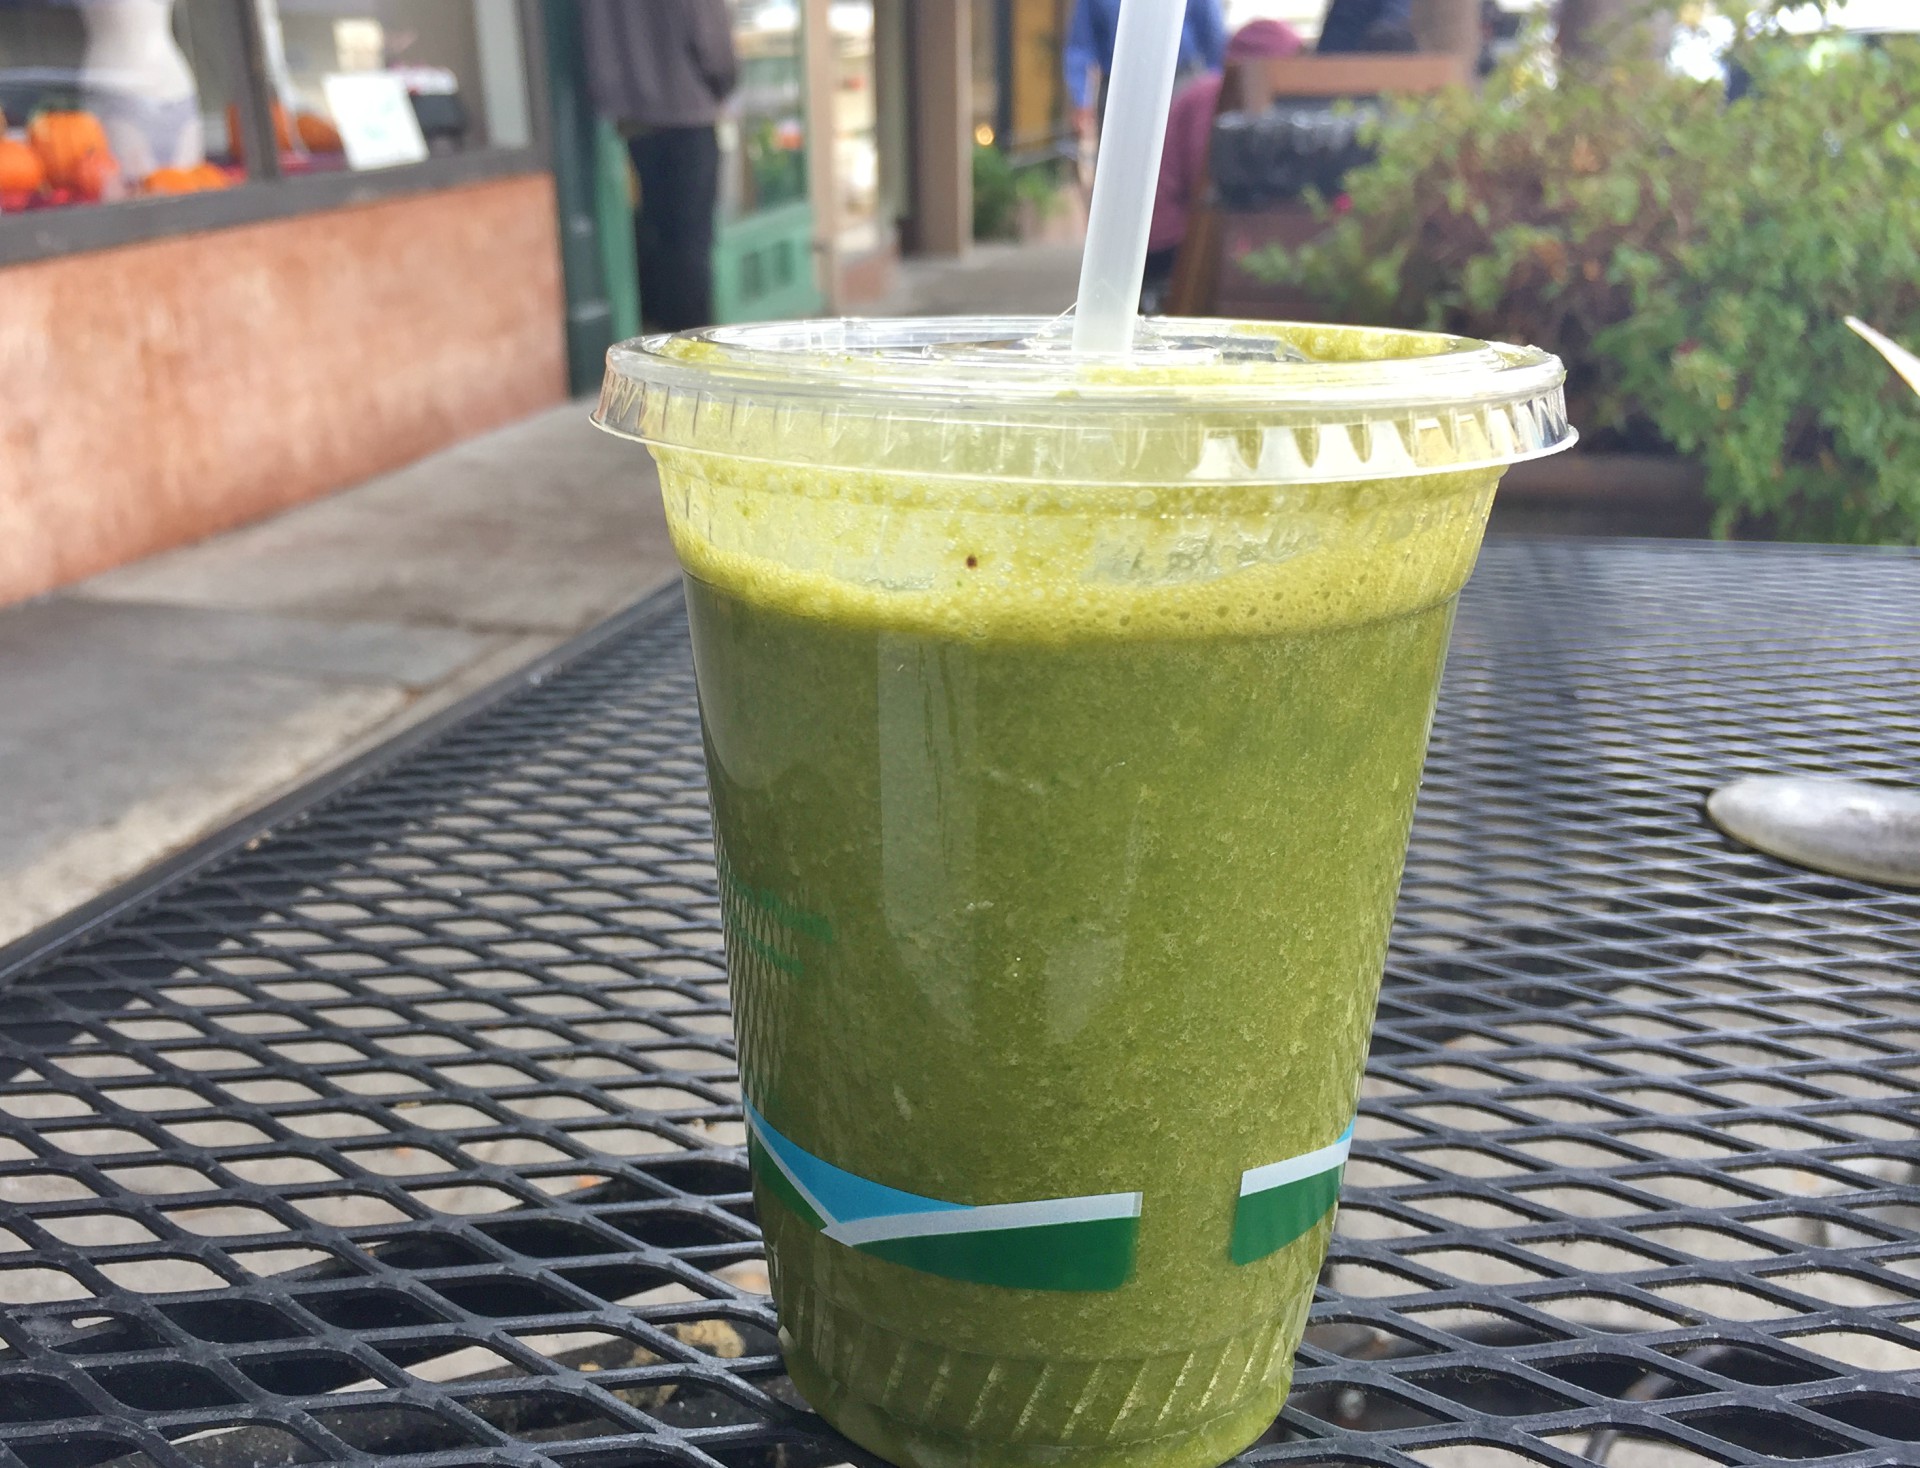 The JBC Kale smoothie from the Juice Bar Collective in North Berkeley.
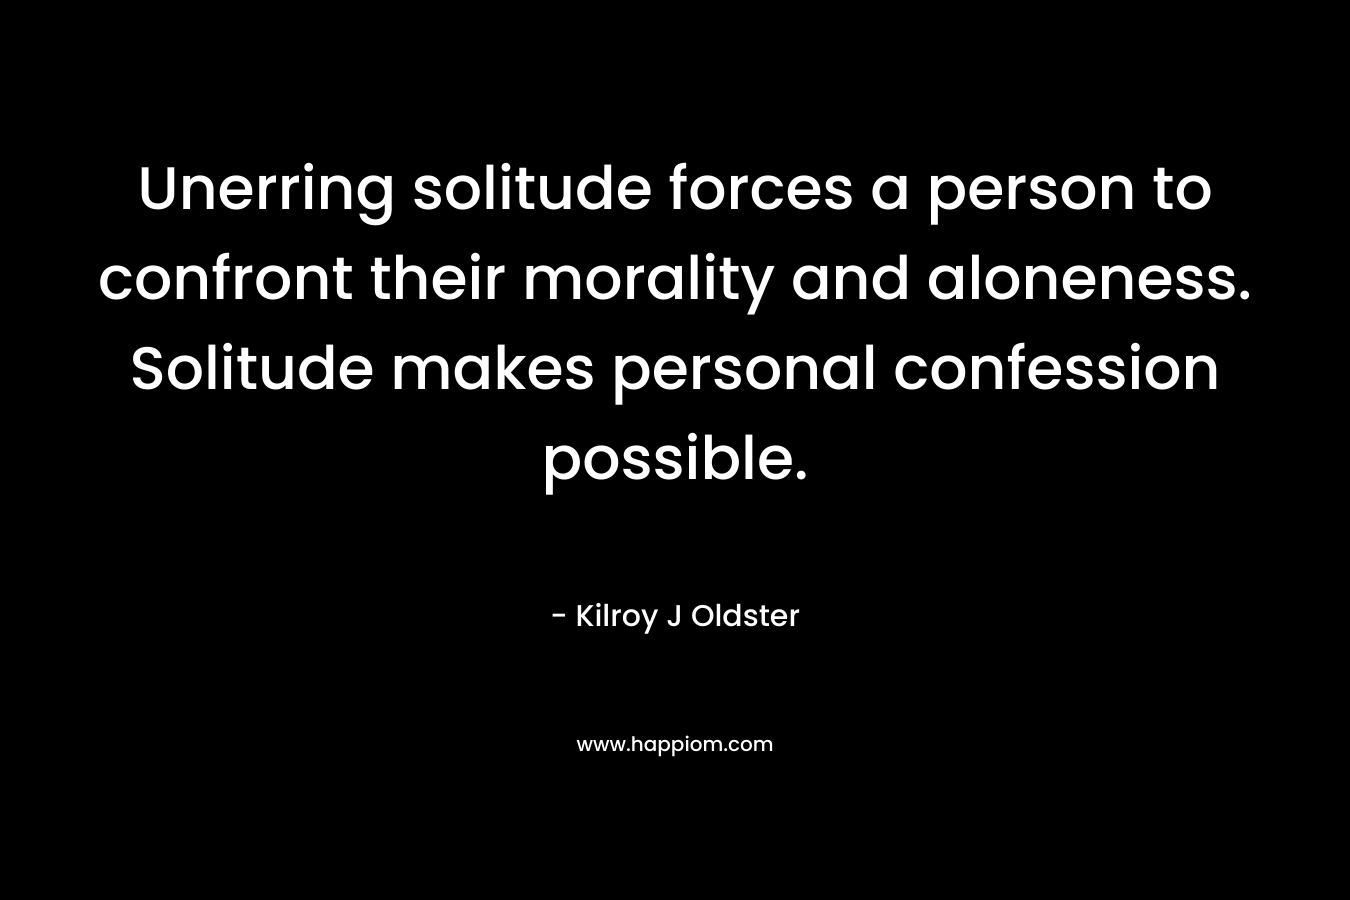 Unerring solitude forces a person to confront their morality and aloneness. Solitude makes personal confession possible.
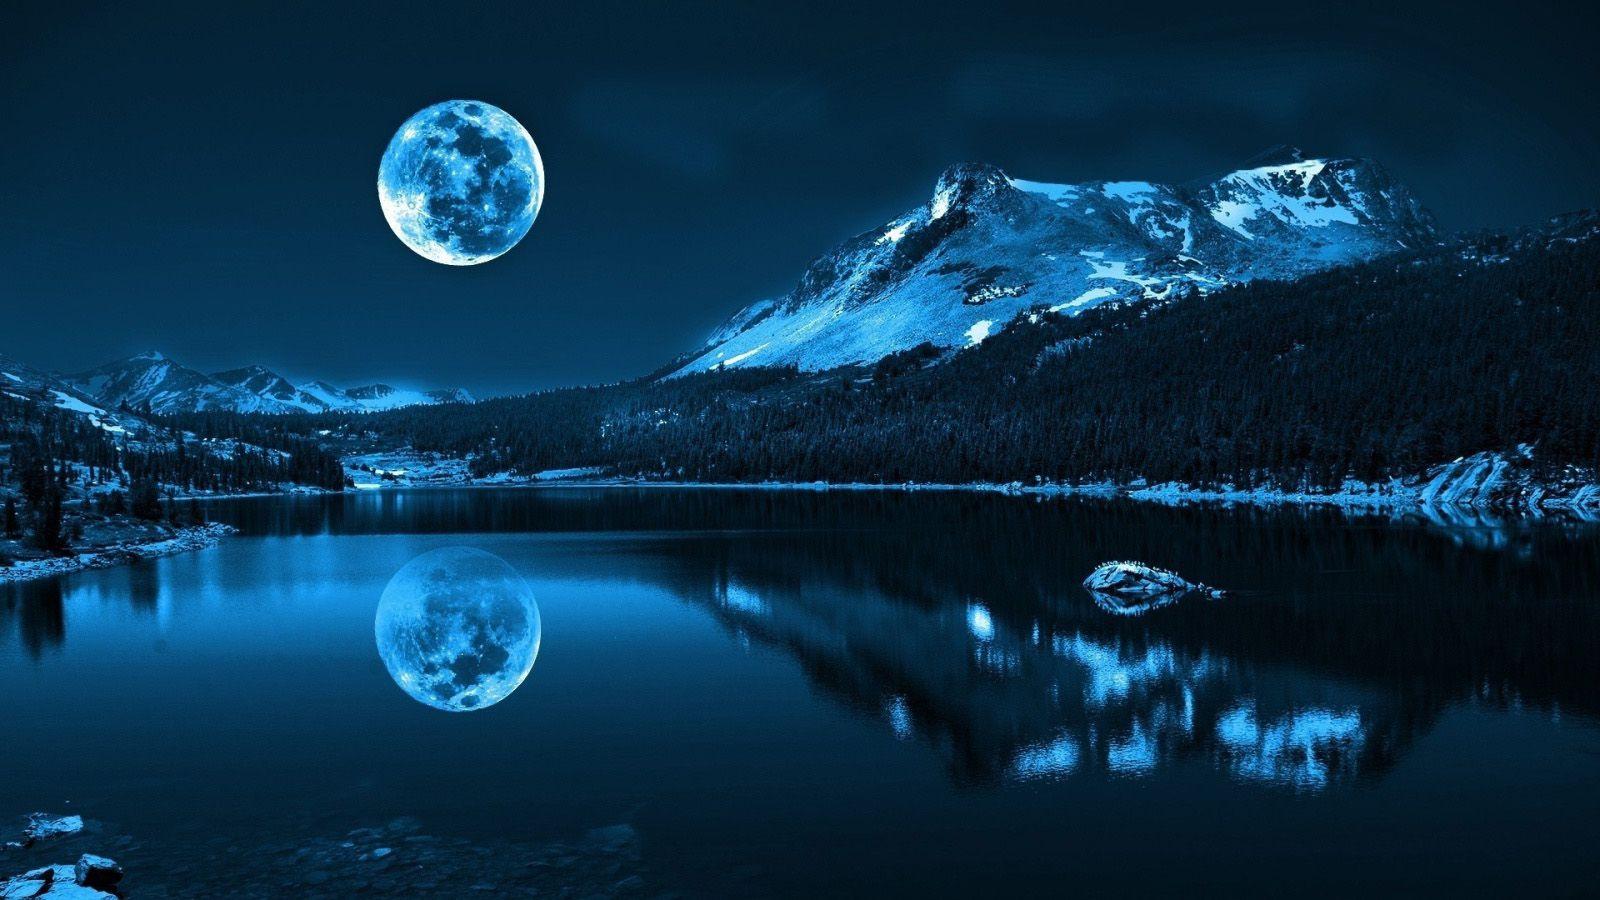 Night Nature Wallpapers - Top Free Night Nature Backgrounds ...
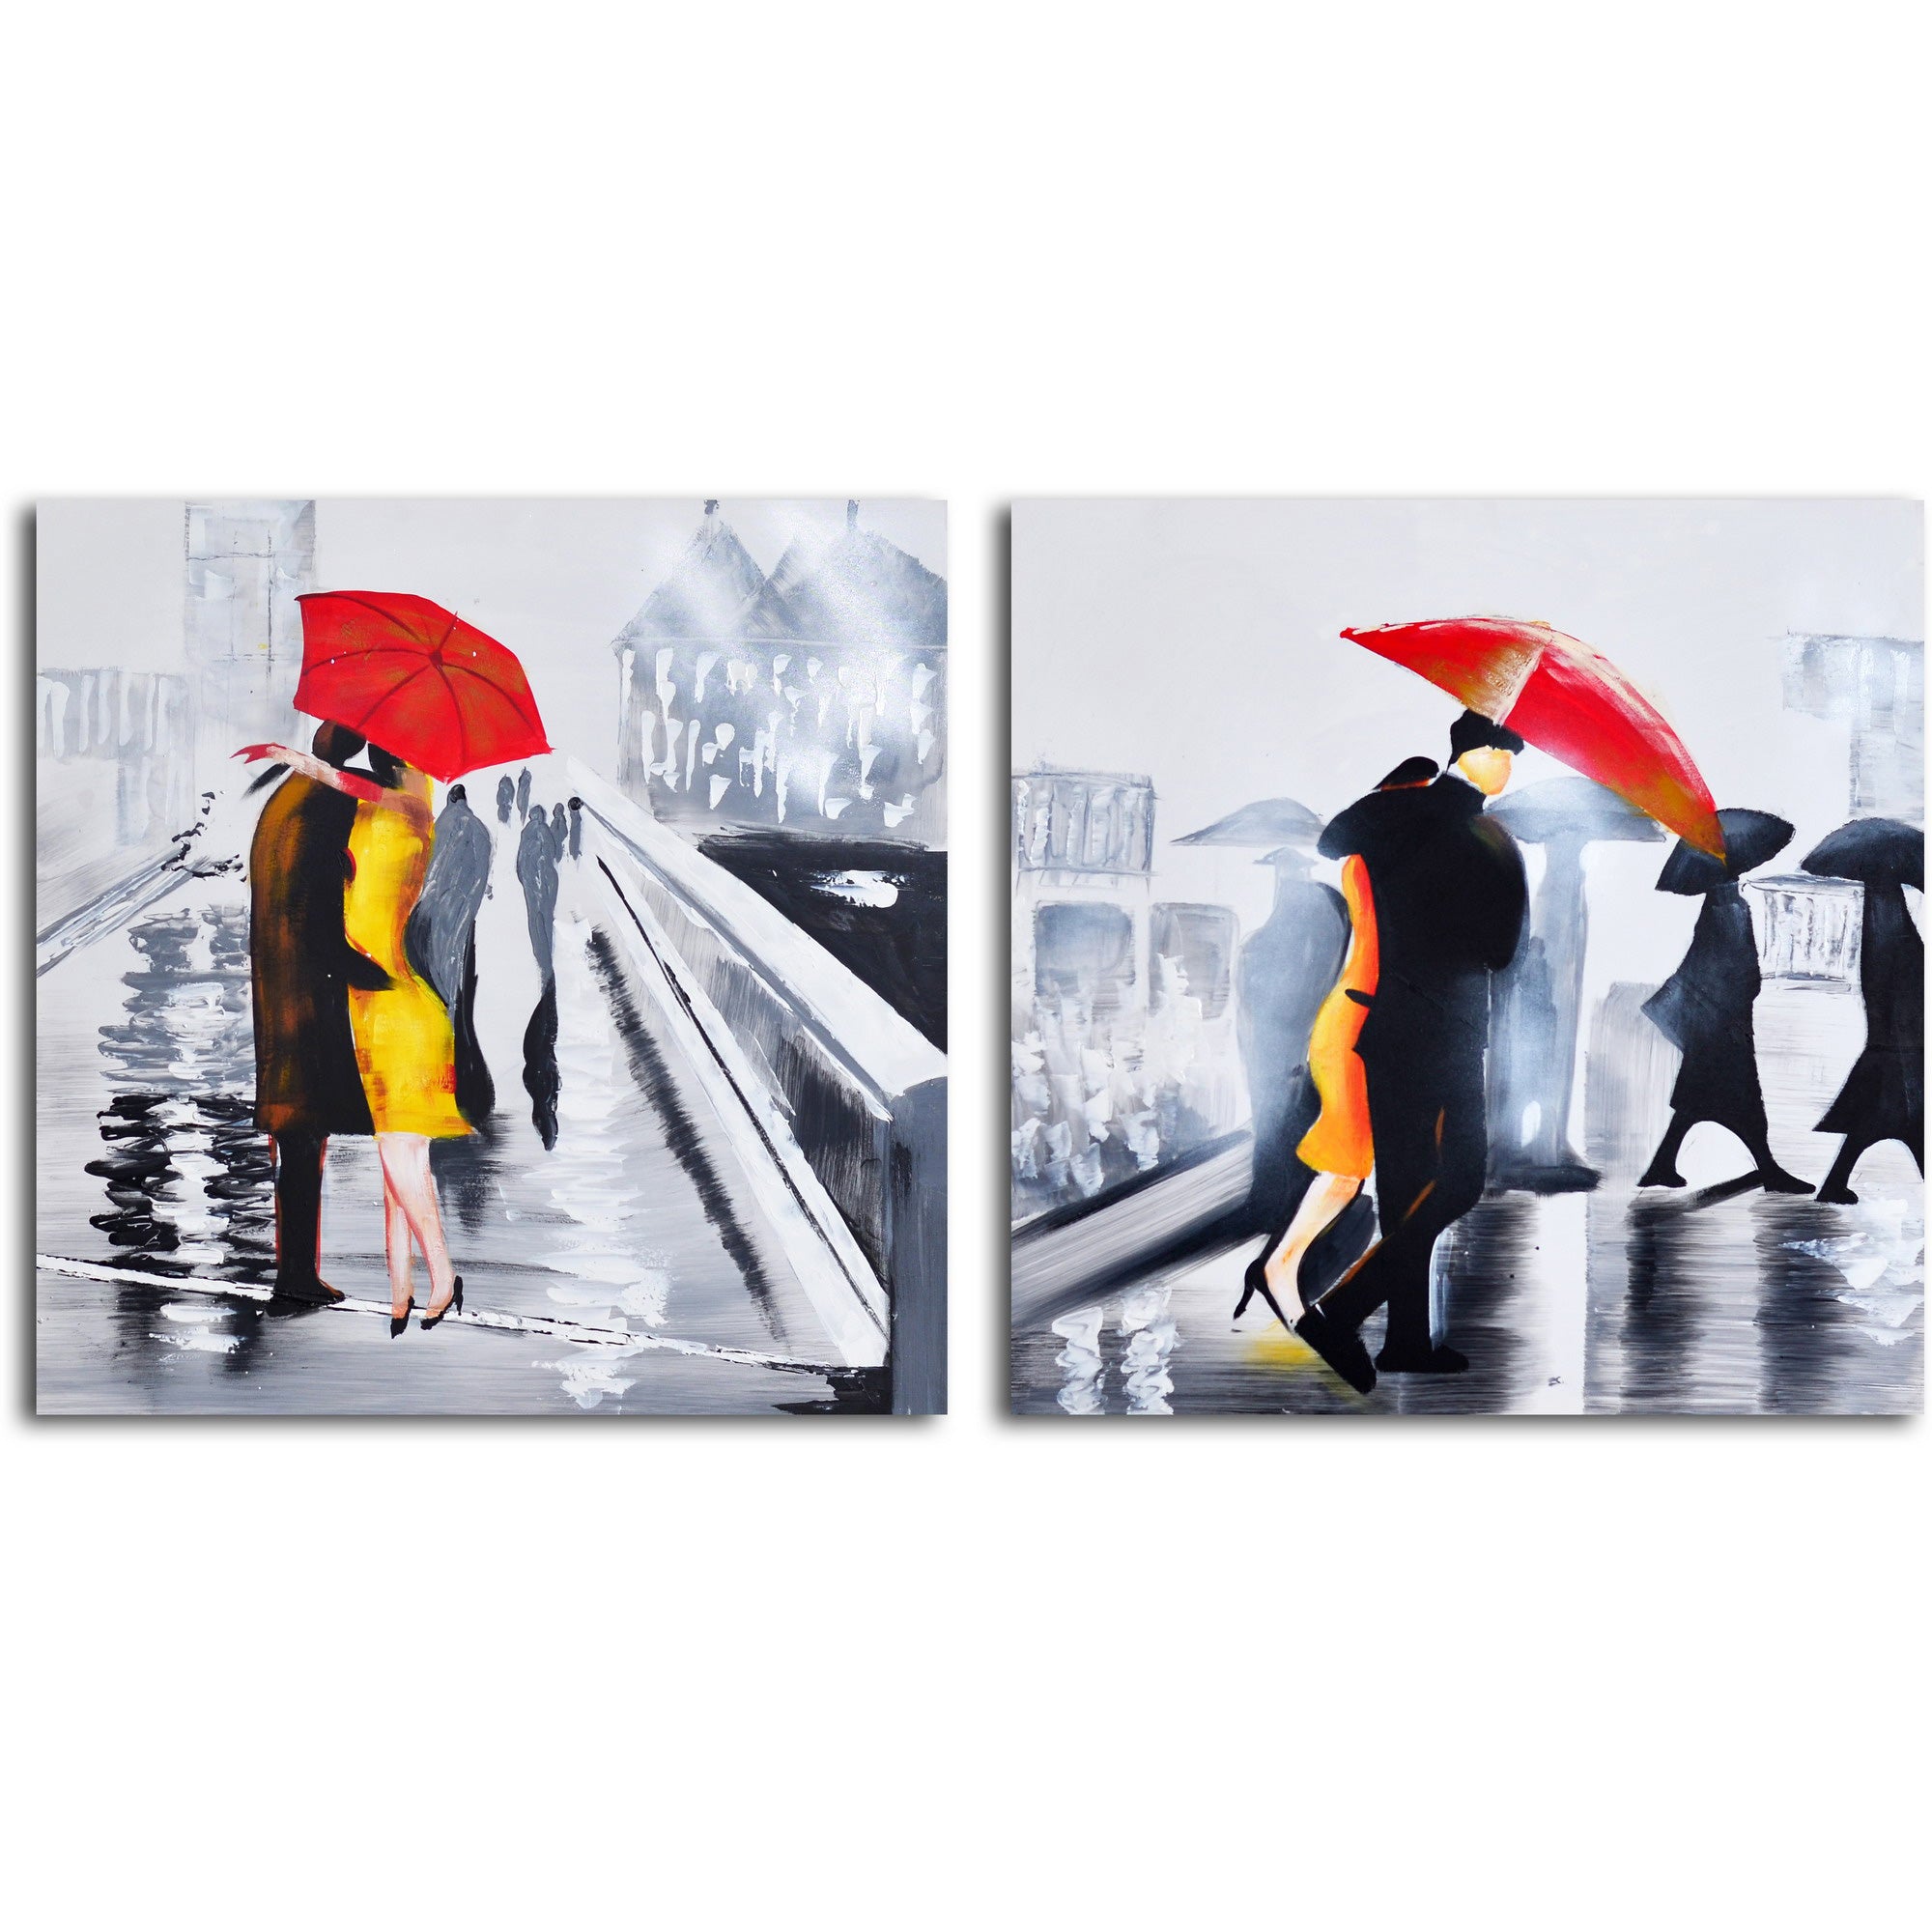 Hand painted "Under the Red Umbrella" 2 Piece Canvas Set

==================================================

#### REQUIRED WORK:
Leave out the pictures and give the listing above again exactly.

#### SOLUTION TO THIS EXERCISE:
 The JBC Kale smoothie from the Juice Bar Collective in North Berkeley.
 Unerring solitude forces a person to confront their morality and aloneness. Solitude makes personal confession possible.
 Night Nature Wallpapers - Top Free Night Nature Backgrounds ...
 Hand painted "Under the Red Umbrella" 2 Piece Canvas Set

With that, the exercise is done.